One team uses RocksDB as its storage layer, which works perfectly until one day they significantly increased the data size, ensued by soaring CPU usage

From the profiling tool, we identify that the heavy CPU consumption was caused by the binary search in the memtable and block-based table (each ate approximately 30% of the total CPU). As we already had the support for hash-based memtable, the binary search was easily eliminated and CPU usage from memtable had soon dropped to under 1%.

As for block-based table, hmm, there was not a readily available solution. In block-based table, entries are compactly stored in an ascending order. Every 4KB entries will be grouped as a “block”, which is the finest granularity that we write/read data from filesystem.

For every block, we’ll extract its last entry to the index, which will be loaded to the memory as we open the table. When RocksDB performs a lookup for a key k in a table, it will

  1. do a binary search in the in-memory index.
  2. locate the block, do a internal binary search to check if k exists (the internal search is complicated and well optimized, I may discuss this topic in another post).

And the heavy CPU consumption occurs in step 1.

Anther interesting characteristic of this use case is: it only perform prefix lookup and retrieve a group of entry of the same prefix. The concept of prefix may sound too abstract to you. To help you understand this feature, I’d like to give a concrete example.

RocksDB is a key/value database — keys and values are essentially an array of arbitrary length of bytes. Although there is great flexibility to construct your key, one of the common pattern is to use prefix as identifier of the entries of similar properties. For example, we may use <user-id>.<tiemstamp>.<activity-type> as the key for a data store the keeps the user activities. With this scheme, we can perform prefix seek to get the database iterator that points to the first activity of a user in a given time range, and then efficiently perform Iterator::Next() to retrieval subsequent entries.

Solution: V1

After analyzing the use case, we realized the essential problem was how to quickly find the mapping prefix => block id.

Naturally, we considered to add a hash table to remember such mapping. The challenges is, the index data structure does more than random lookup; it also supports range lookup with Prev()/Next().

Instead of providing a radically new index format for block-based table, we decided to add an additional/optional hash layer on top of the existing data structure.

Here’s how it works:

  • When we construct the table, we’ll detect the unique prefixes (this is very easy to do because the entries are already sorted) and store the prefixes and their mapped block ids to a metablock (an extensible block that makes future modification on table format easy) inside of this table.
  • When opening a table, if we enabled hash-prefix lookup, we’ll scan through the materialized prefix=>hash id mapping and construct an in-memory hash map (for v1, we happily use std::unordered_map).
  • When the in-memory index calls Seek(), It will consult the hash table to find the mapped block for a given prefix.

This solution works. It also reduced the expensive binary search from 30% to almost nothing. But we all know the size of hash index is determined by the number of unique prefixes.

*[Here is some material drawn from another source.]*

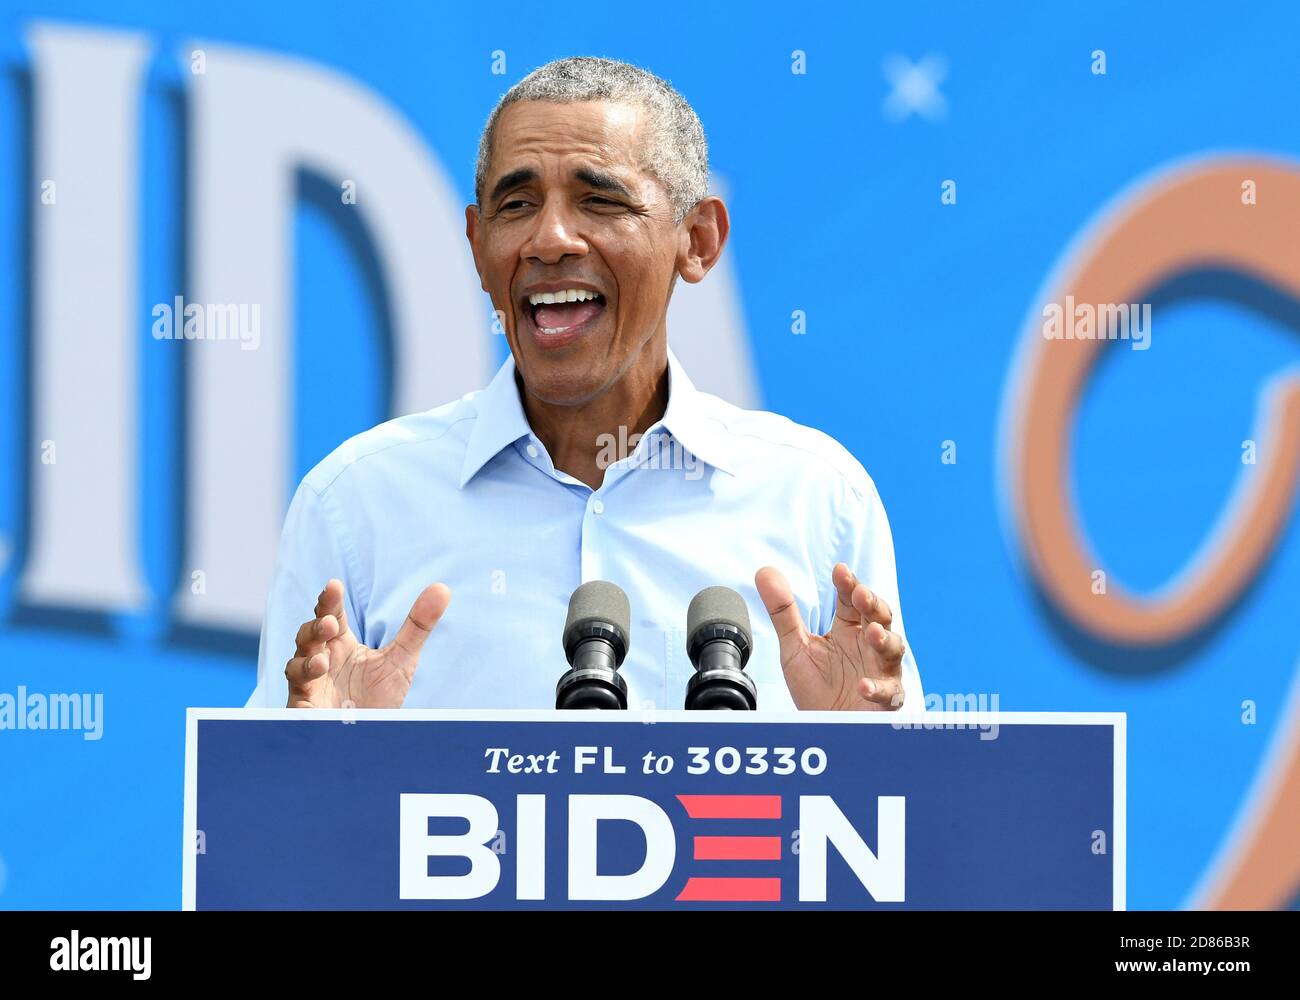 October 27, 2020 - Orlando, Florida, United States - Former U.S. President Barack Obama speaks in support of Democratic presidential nominee Joe Biden during a drive-in rally on October 27, 2020 in Orlando, Florida. Mr. Obama is campaigning for his former Vice President before the Nov. 3rd election. (Paul Hennessy/Alamy) Credit: Paul Hennessy/Alamy Live News Stock Photo

For this particular use case, the memory usage had increased by 20%, but that’s fine, we still have much capacity left. In this solution, we care mostly about the cleanness of the newly added semantic and a pivot solution that proves hash solution is the right way to go — and if this solution happens to work, we’d happy to stick to it (however, in retrospection, I think in the API layer, we’d at least warn users of the potential high memory usage).

Little optimization (except the optimization that avoids frequent memory allocation on the heap) is done since we treated it as an experimental feature and want to optimize only after we gain more experience for similar use cases.

Solution: v2

Everything changes. Soon, we discover that in some server there are significantly more unique prefixes, resulting in out-of-memory. So more efficient memory is mandatory right now.

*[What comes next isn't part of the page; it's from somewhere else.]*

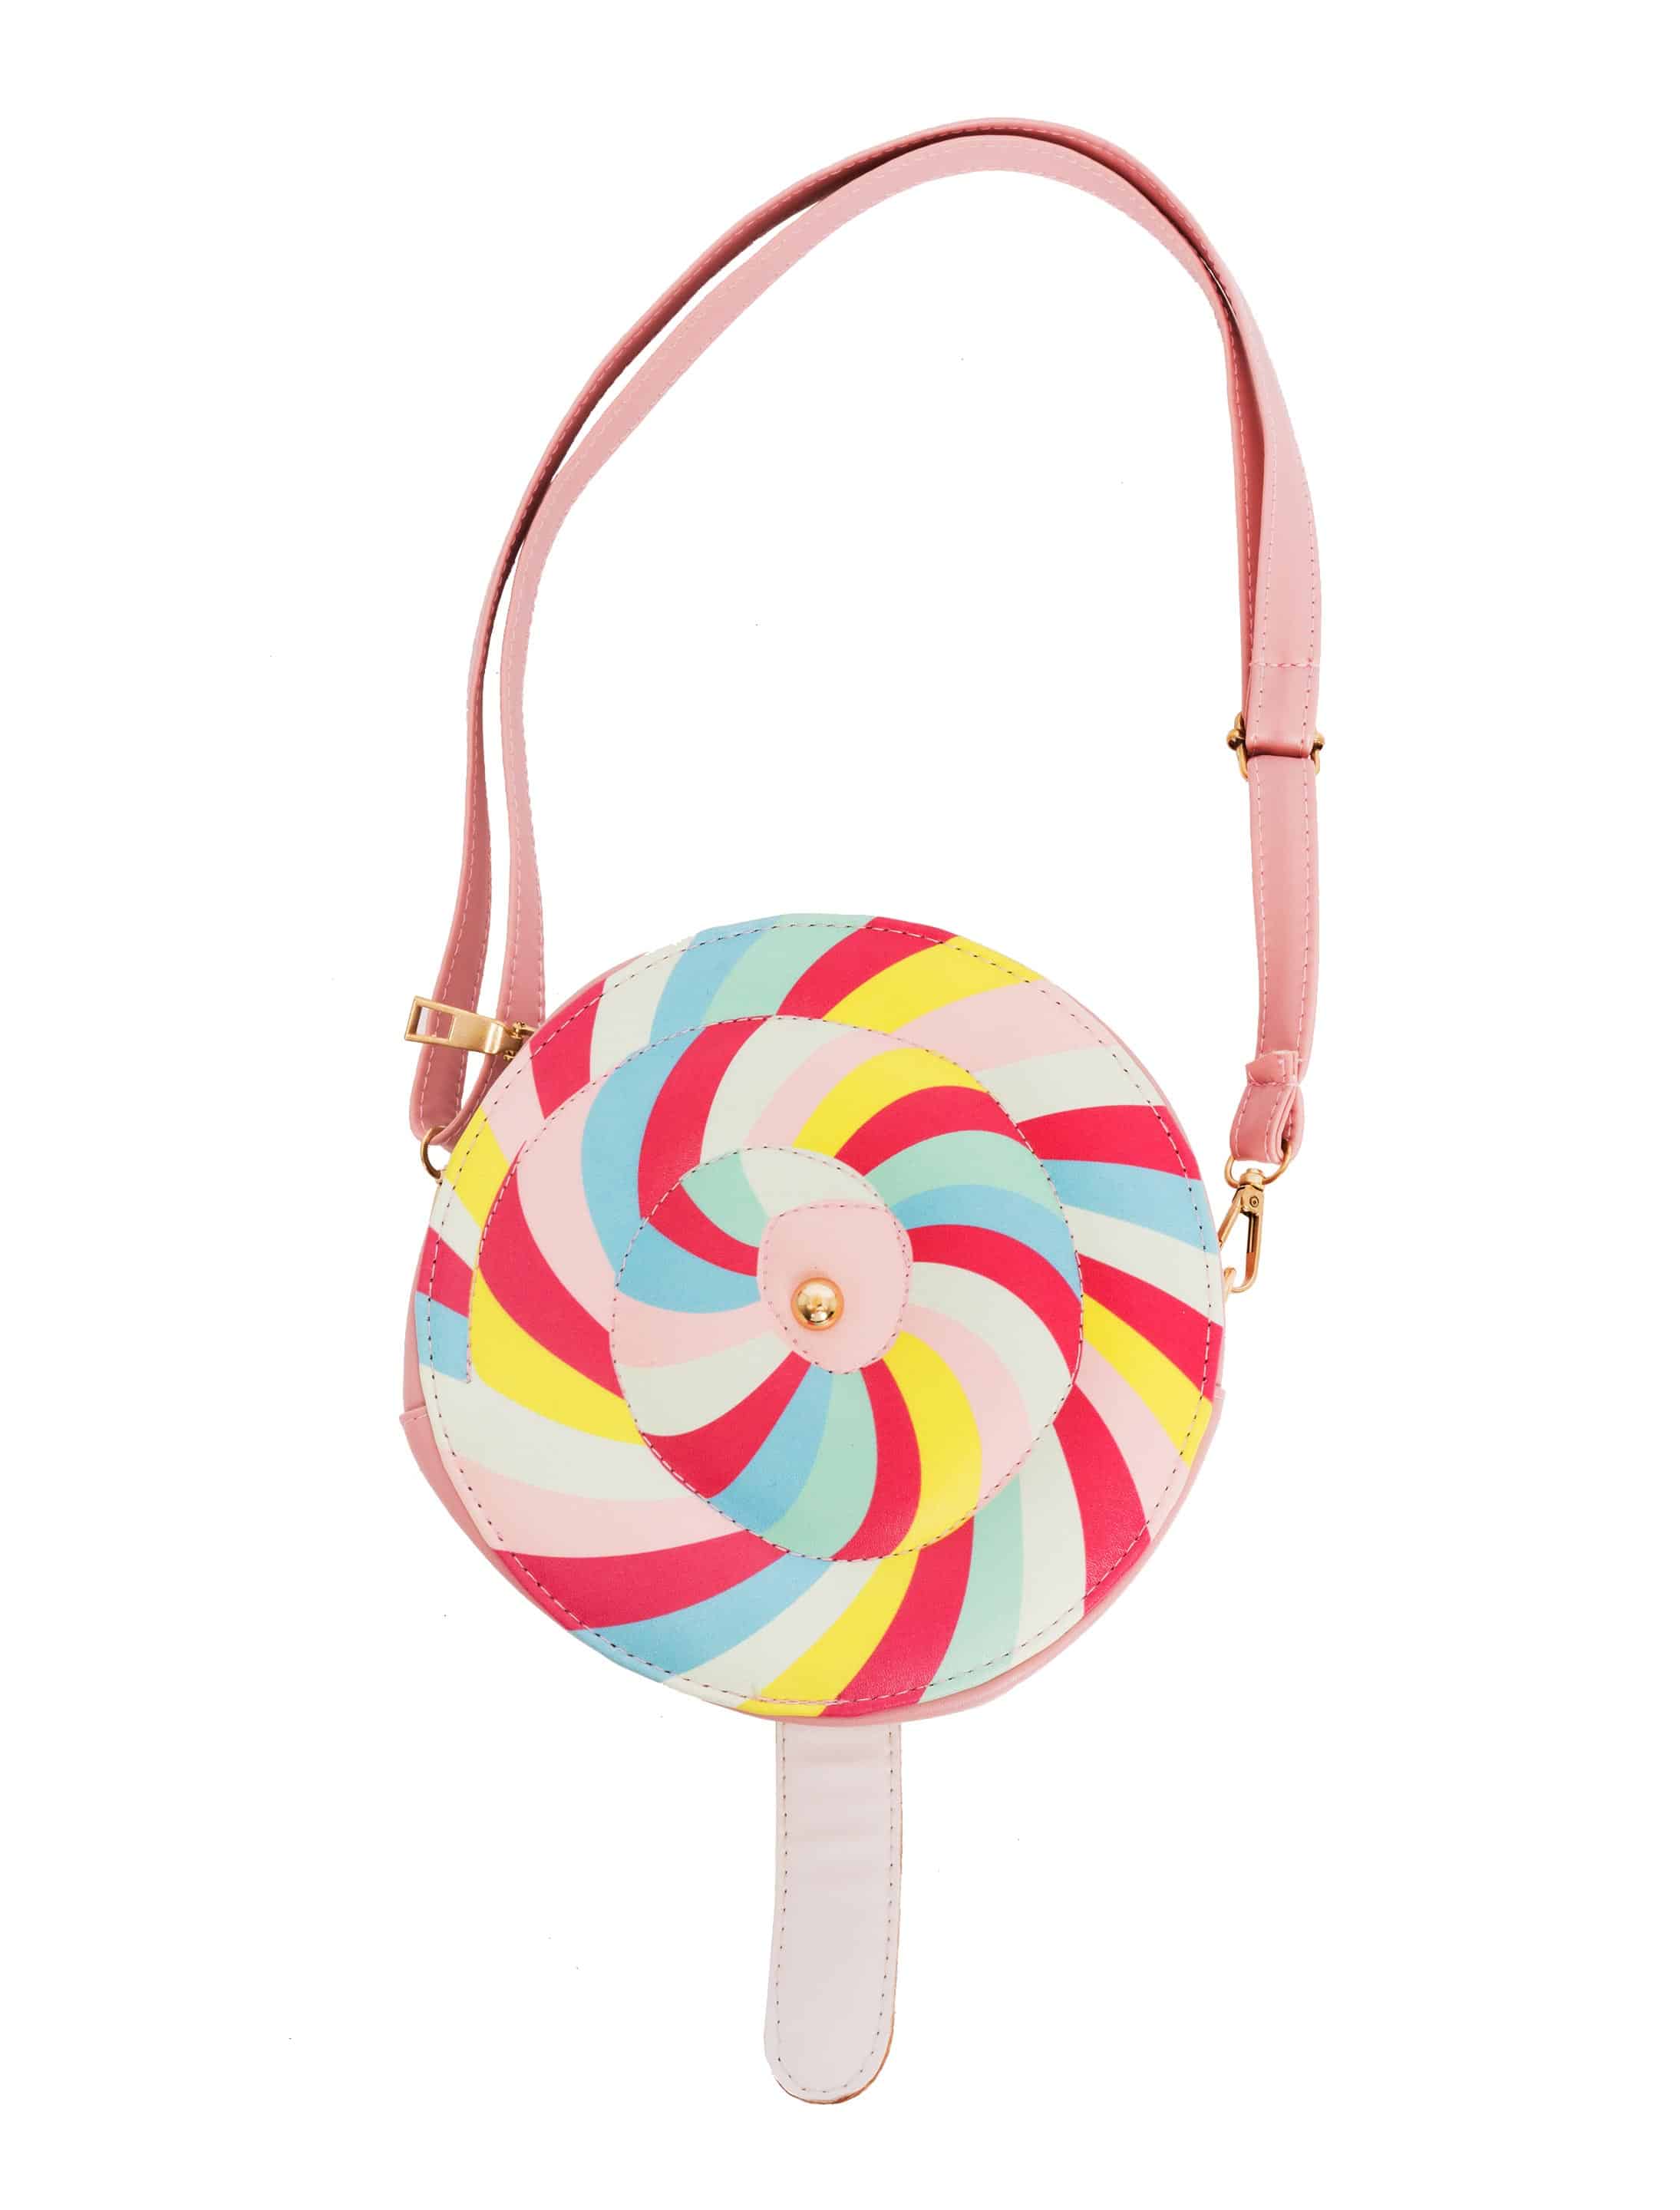 Tasche Candy Lolly mehrfarbig

From the profiling result, the size of prefixes (in memory) accounts for 98% of the whole index. There seems to be many ways to optimize the hash table because fromt the profiling results, for example, std::unordered_map is not most space efficient, we can reduce memory usage by 10%~20% by writing a highly specialized hash table. Also, we may compress the prefixes to further cut the memory usage, etc.

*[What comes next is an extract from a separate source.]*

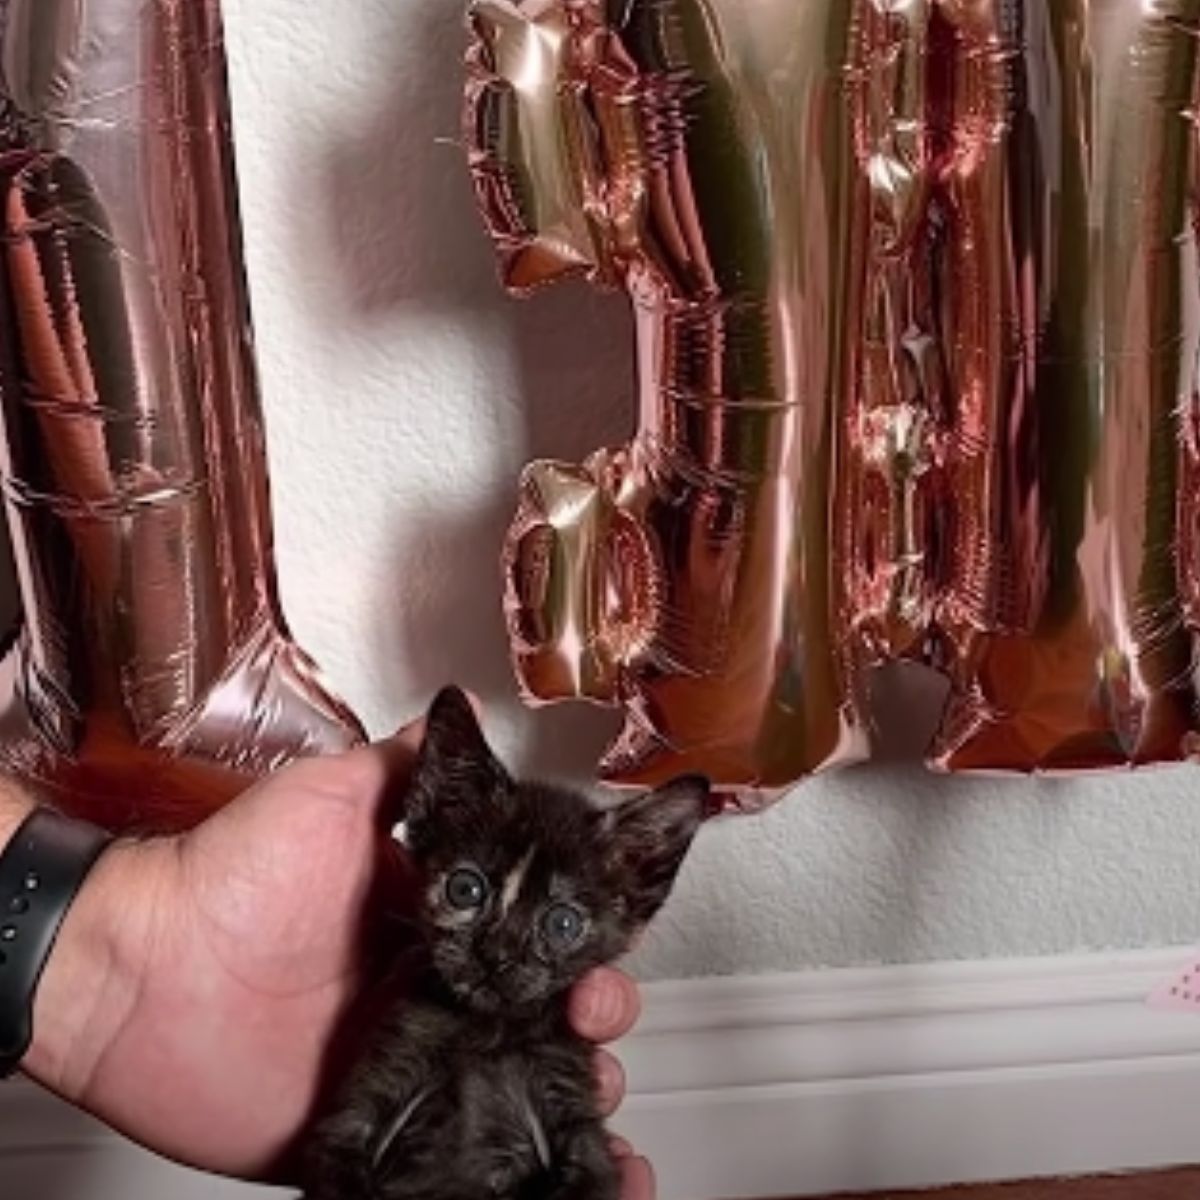 kitten in hand with balloons

Those solution sounds feasible but even 30% reduction seems still not enough. How can we squeeze even more from the memory?

As a matter of fact, back to our initial observation, essentially we only want to speed up the lookup for the mapping prefix => block id. So, do really we need to stored the prefixes at all? The whole purpose of aa prefix in our solution are only to be

  1. Hashed
  2. Compared with the query prefix to see if they match.

Can we skip (2) and live without prefix? Yes, we can!

In our improved solution, instead of using a hash map for the prefix => block id mappings, we only maintain an array (essential a hash set) to store mapped block id (without any prefix being stored).

Workflow for constructing memory friendly hash index:

  • When opening the table, scan through the materialized prefix => block id mappings from the on-disk file.
  • For each prefix, hash it and map it to a hash bucket. We’ll store only the associated block id for that prefix.

For example: if prefix “abc” (maps to block 3), “def” (maps to block 9) are both hashed to “1”, then the hash bucket 1 will be a linked list of “3” and “9”.

The tradeoff is, with the new hash index, when we search prefix “abc”, it may take two searches inside both block block 3 and block 9. And for non-existing prefix “xyz” that happens to be hashed to 1, we don’t have a quick way to determine that “xyz” doesn’t exist; instead, we need to jump into both block 3 and block 9 to see if “xyz” exists.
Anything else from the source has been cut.